KATONAH, N.Y. -- To celebrate the 100th anniversary of when women were granted the right to vote across the country, the Katonah Village Library announced that it will host a photo gallery.

The Katonah Village Library will celebrate the centennial of women getting the right to vote with a photo gallery.

The Katonah Village Library will celebrate the centennial of women getting the right to vote with a photo gallery.

Photo Credit: Katonah Village Library

The gallery, which will run in March, is called "Votes for Women: Celebrating New York’s Suffrage Centennial." It is scheduled to kick off with a reception on Friday, March 3 at 6:30 p.m. That evening, the library says there will be a screening of the 2004 historical drama "Iron Jawed Angels," which starred Anjelica Huston, Hilary Swank and Margo Martindale.
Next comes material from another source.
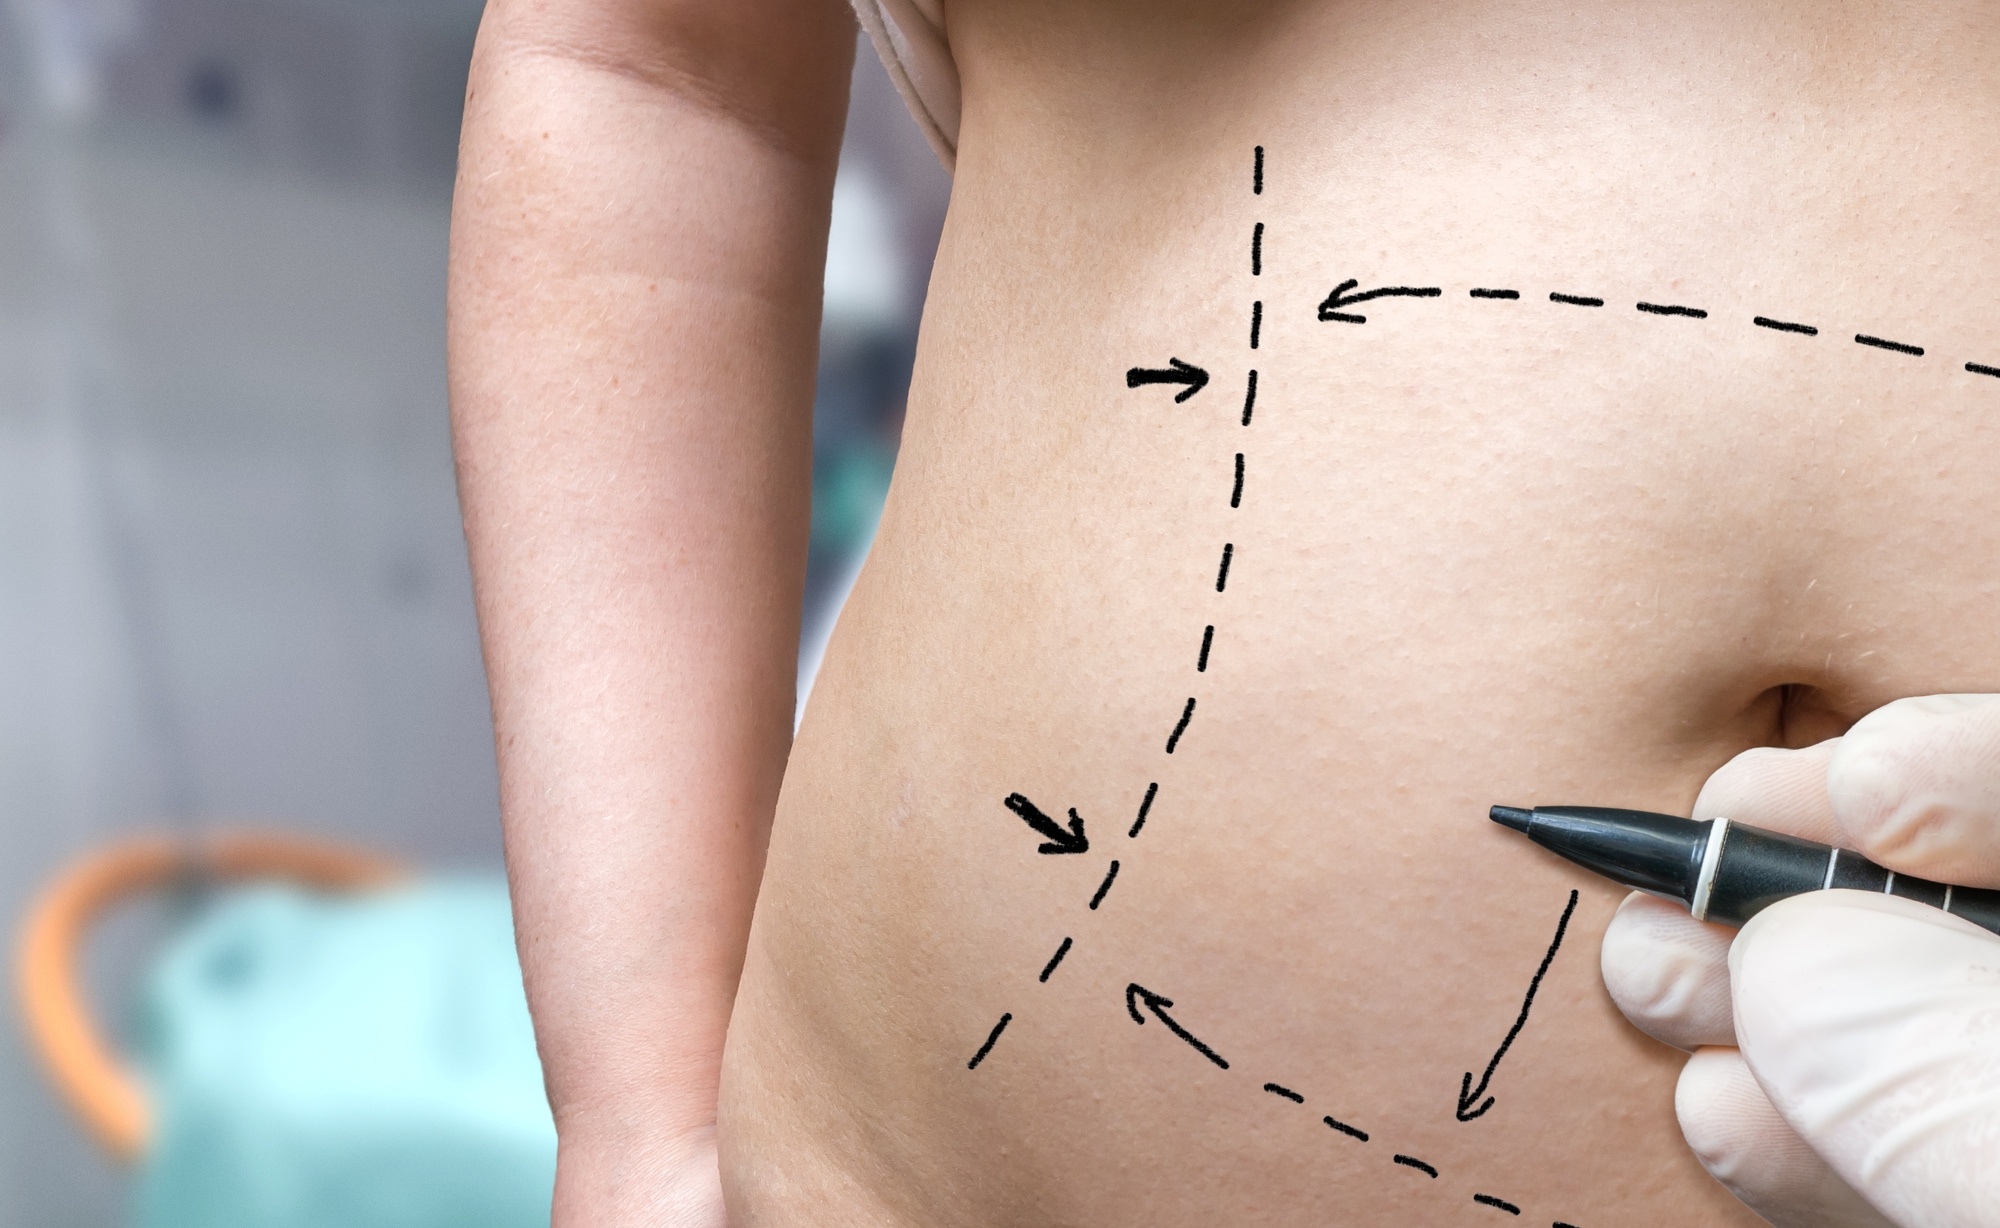 Abdominoplasty vs Panniculectomy: What Are the Differences?

The library adds that it will also host a screening of the 2015 movie "Suffragette," which starred Casey Mulligan, on Friday, March 24 at 7 p.m.
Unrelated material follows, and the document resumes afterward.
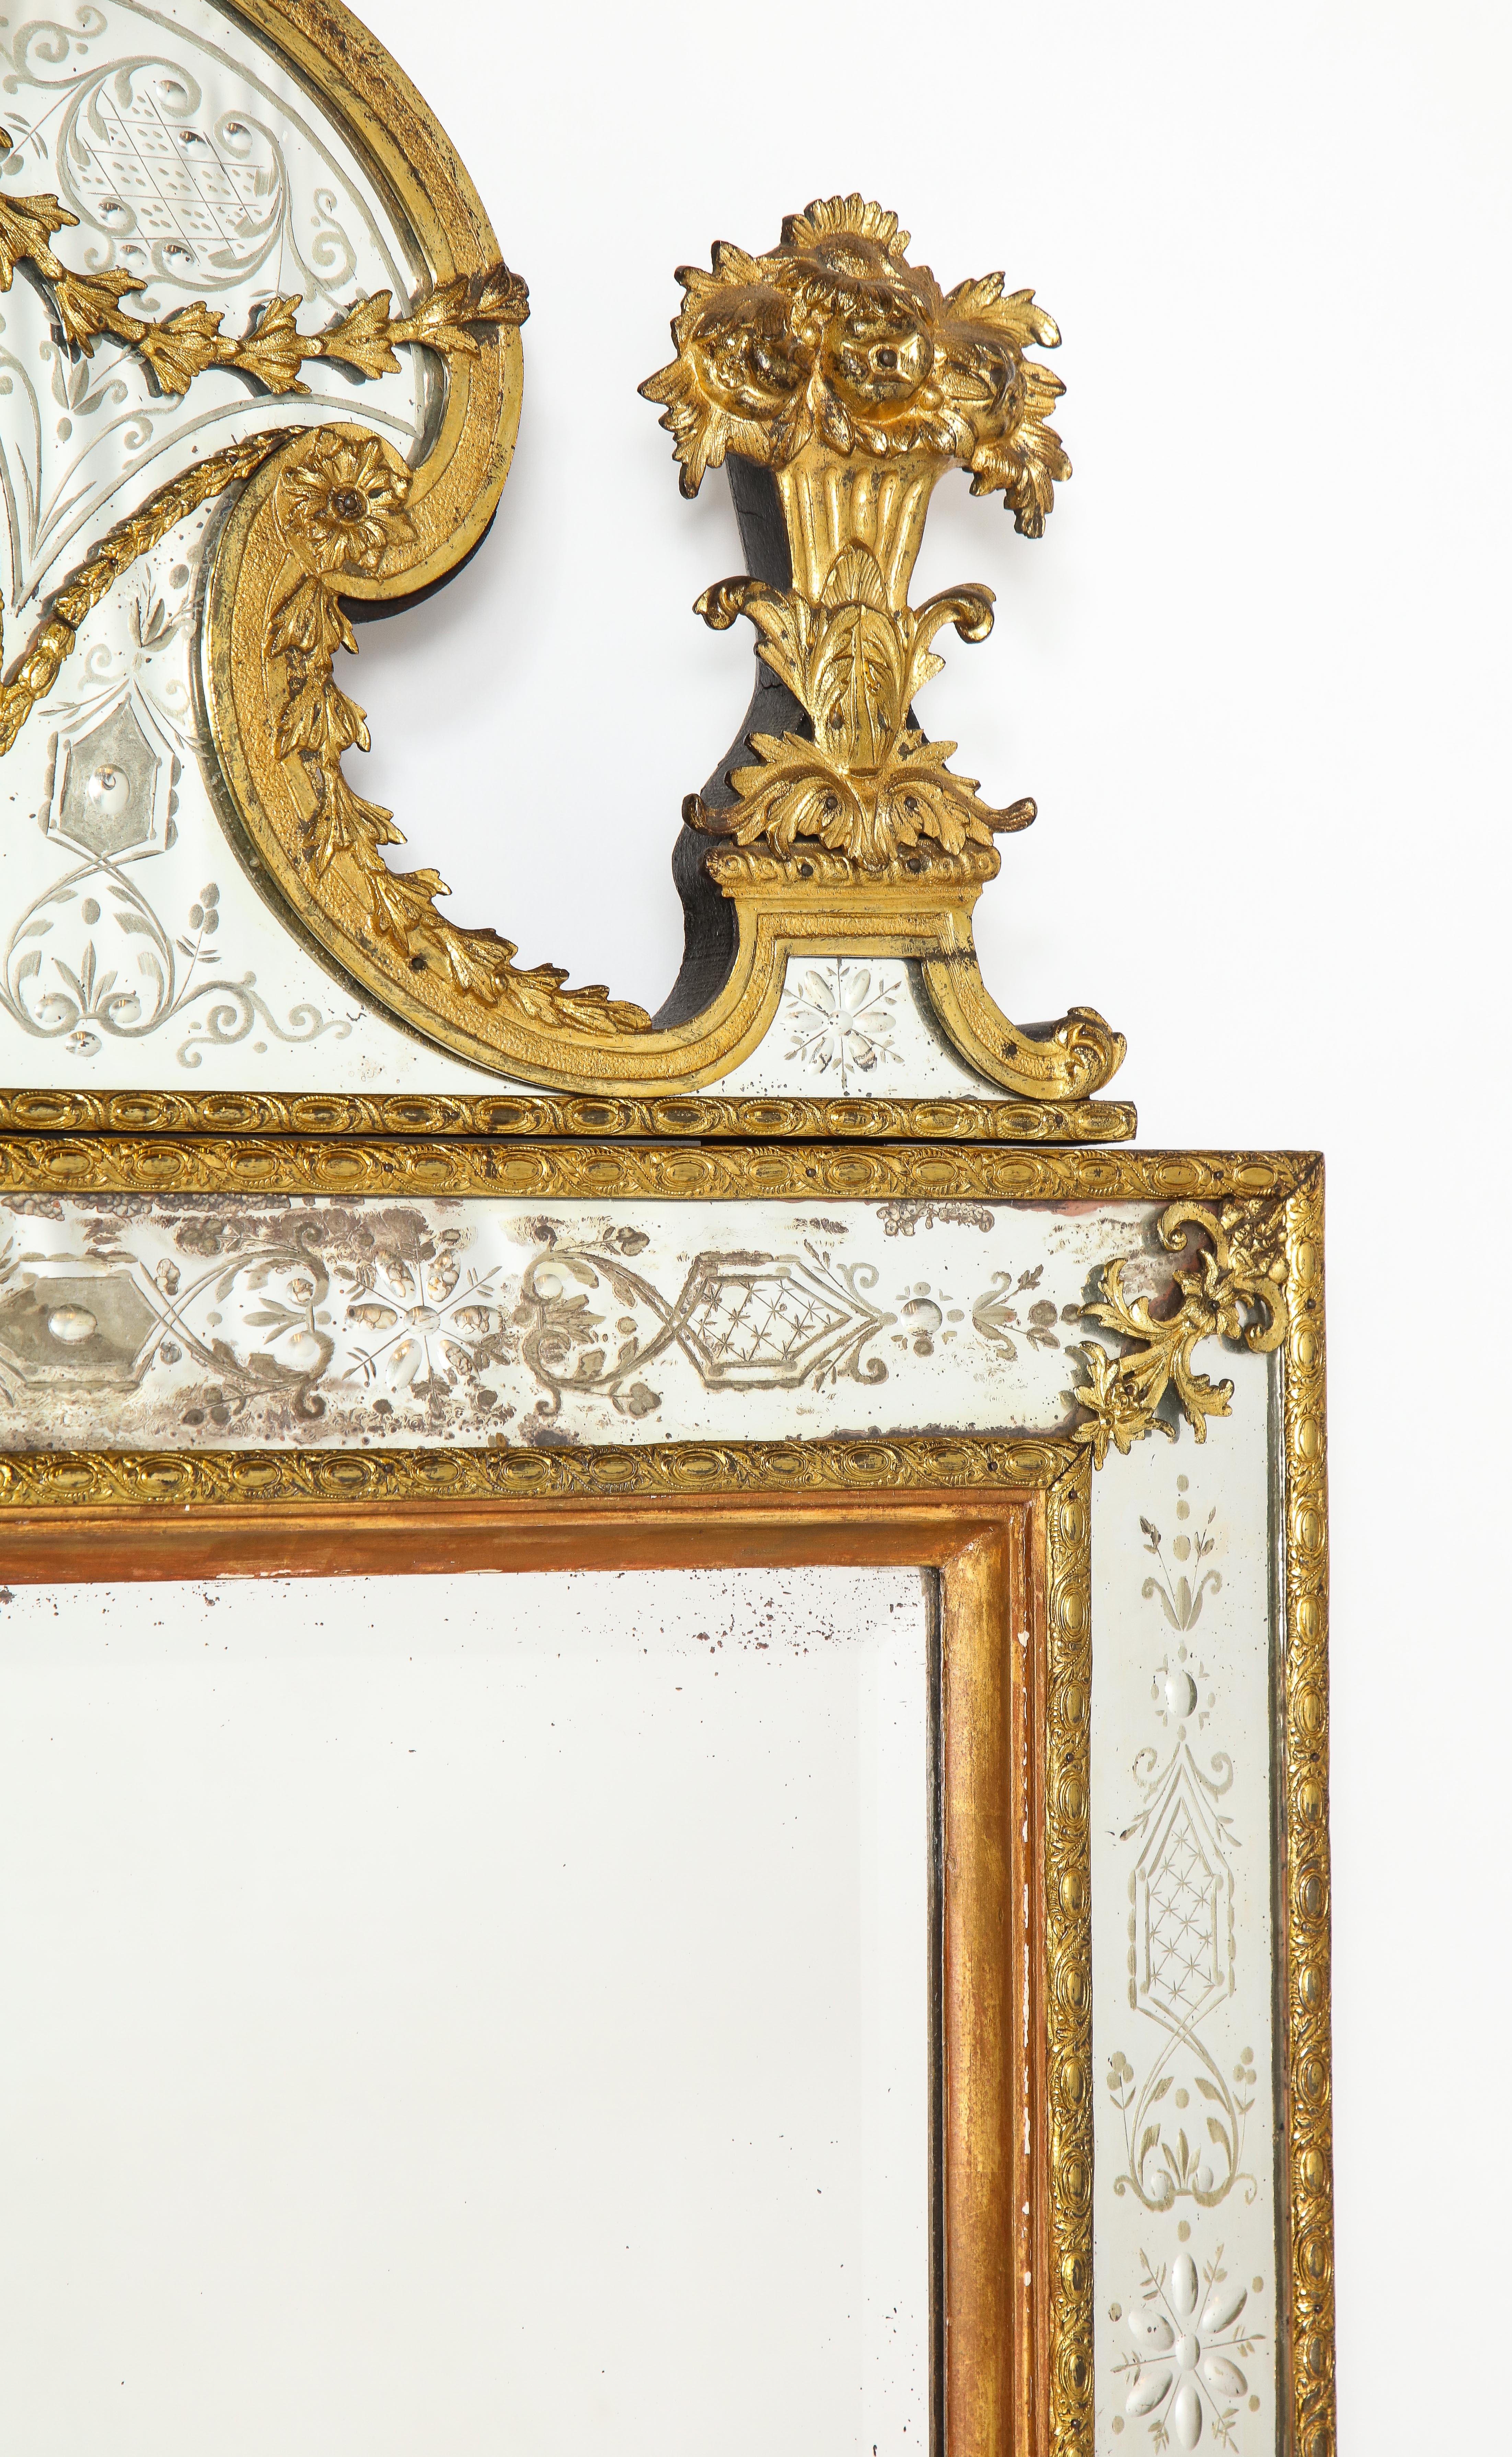 19th Century Two Swedish Ormolu-Mnt. & Hand-Etched Glass Mirrors Aft. Model by Gustav Precht For Sale

The exhibit will be held in the Garden Room, which is on the library's lower level floor. The library is located at 26 Bedford Road.

Both the reception and the movie screenings are free, the library added.

The League of Women Voters of North East Westchester is also credited with helping bring the exhibit to fruition.

"Votes for Women celebrates the centennial of women’s suffrage in New York State," the library notes The Empire State was three years ahead of federal suffrage for women in 1920. The exhibit spans from the 1848 Seneca Falls Convention through 1917, when New York State granted women the right to vote. The exhibition also highlights the role of New York State leaders in women’s rights and the feminist movement through the twenty-first century."

The library notes that the League of Women Voters' New York State chapter was founded in 1919 out of the suffrage movement, while the national League was founded in 1920.

The library added that after its exhibit winds down, it will be brought to John Jay High School in Cross River, where it will stay for two weeks in April. The exhibit will also be brought to other schools, the library added.